Analyst Upgrades and Downgrades
Several research analysts recently weighed in on RTX shares. TD Cowen reissued a “buy” rating on shares of RTX in a research note on Tuesday, January 27th. Vertical Research reissued a “buy” rating and set a $227.00 price objective on shares of RTX in a research note on Tuesday, January 27th. Susquehanna restated a “positive” rating and set a $230.00 target price on shares of RTX in a research report on Thursday, January 15th. Jefferies Financial Group reiterated a “hold” rating and issued a $225.00 price target on shares of RTX in a report on Wednesday, January 28th. Finally, JPMorgan Chase & Co. raised their price objective on RTX from $200.00 to $215.00 and gave the stock an “overweight” rating in a report on Wednesday, January 28th. One analyst has rated the stock with a Strong Buy rating, fifteen have assigned a Buy rating and six have given a Hold rating to the stock. Based on data from MarketBeat.com, the stock currently has an average rating of “Moderate Buy” and a consensus price target of $199.50.

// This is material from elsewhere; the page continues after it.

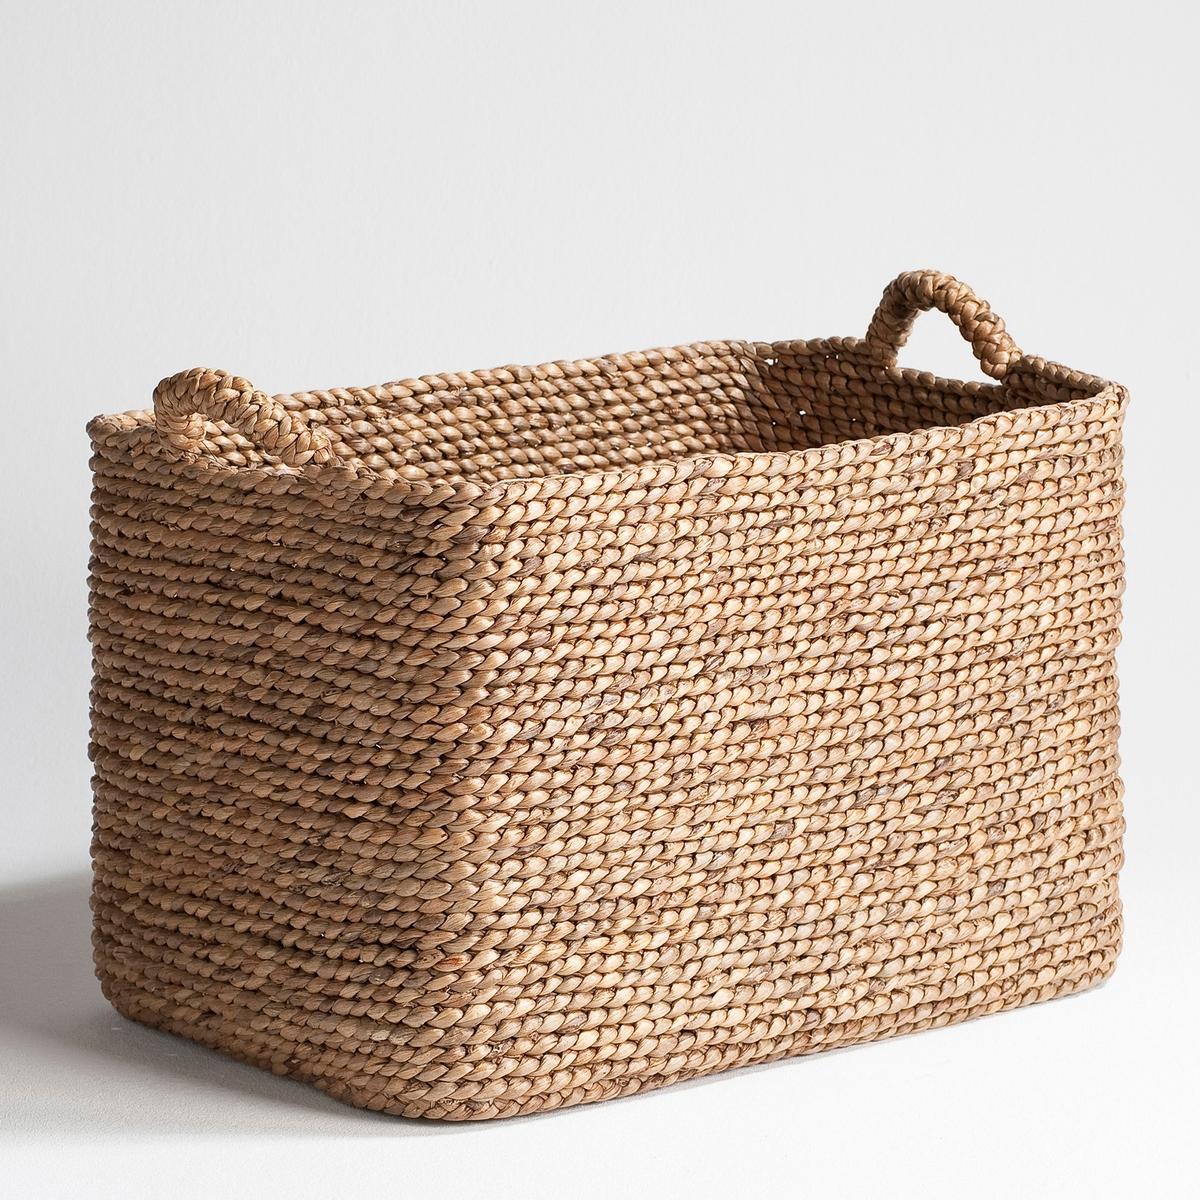 Плетеная корзина Raga прямоугольной формы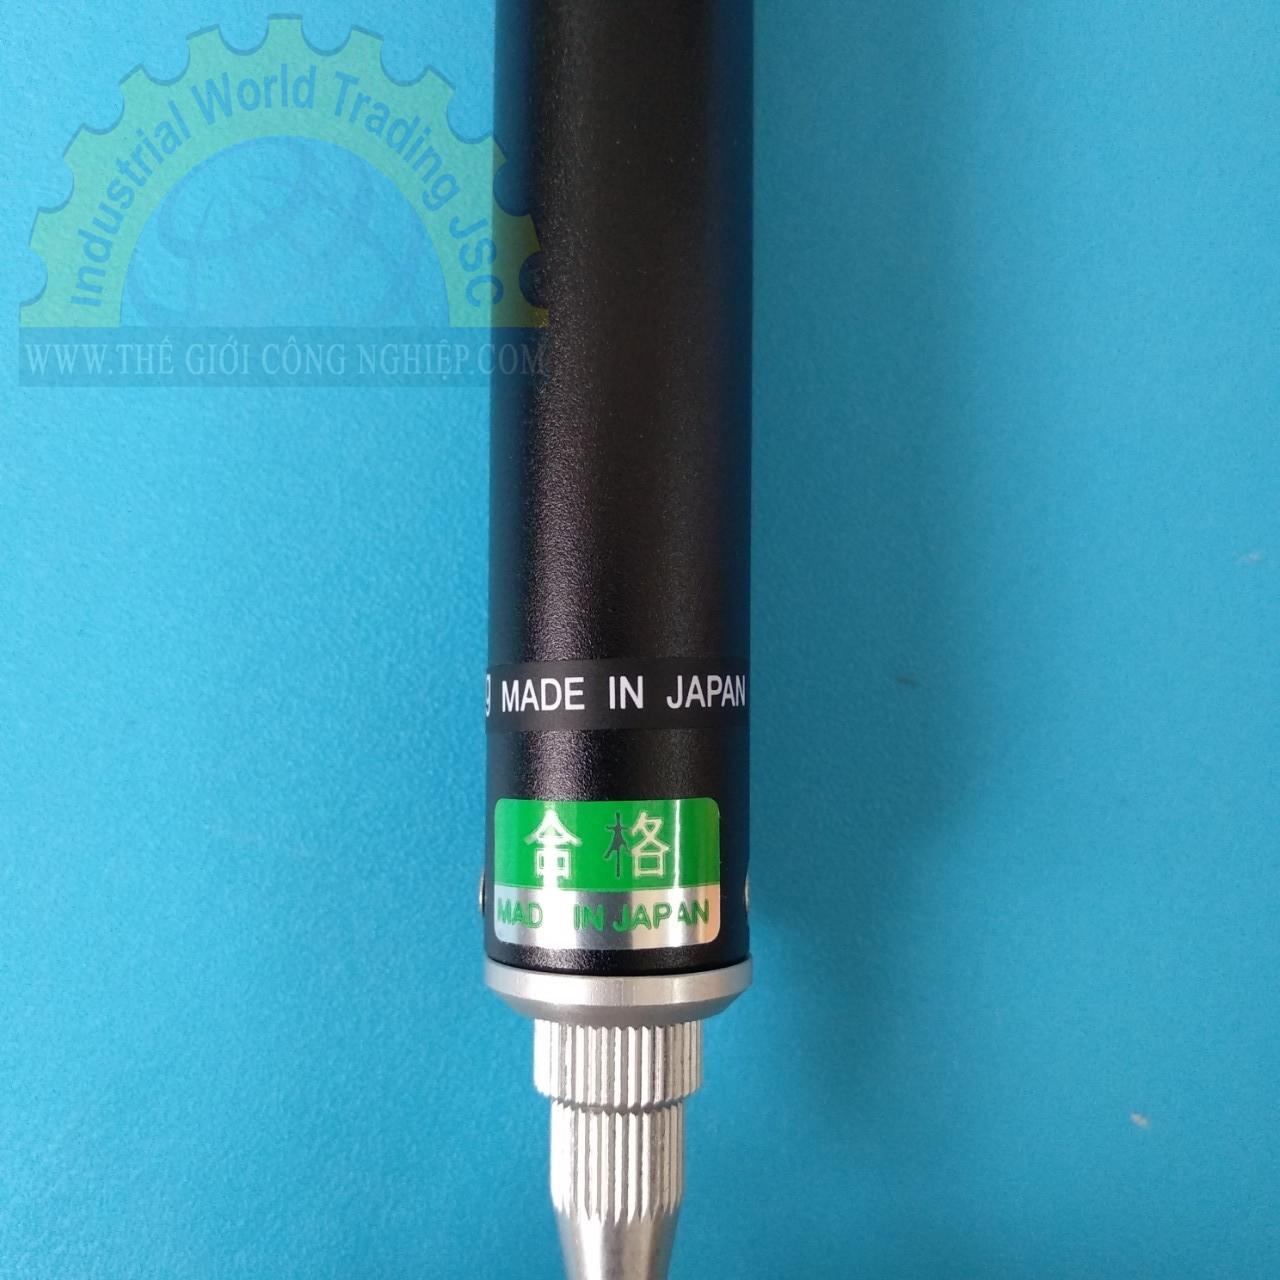 Thiết bị đo lực căng 0 - 2000g thiêt bị đo lực căng Kanon , TK2000 TK2000 Kanon

Check Out Our Latest Analysis on RTX
RTX Profile
RTX (NYSE: RTX) is a U.S.-based aerospace and defense company that designs, manufactures and services advanced systems for commercial, military and governmental customers worldwide. The company was created through the 2020 combination of Raytheon Company and United Technologies Corporation and later adopted the RTX name, positioning itself as a diversified provider across the aerospace and defense value chain.
RTX’s operations span a broad set of capabilities. Its commercial aerospace businesses include Pratt & Whitney aircraft engines and Collins Aerospace systems, which supply propulsion, avionics, aerostructures, interiors and integrated aircraft systems.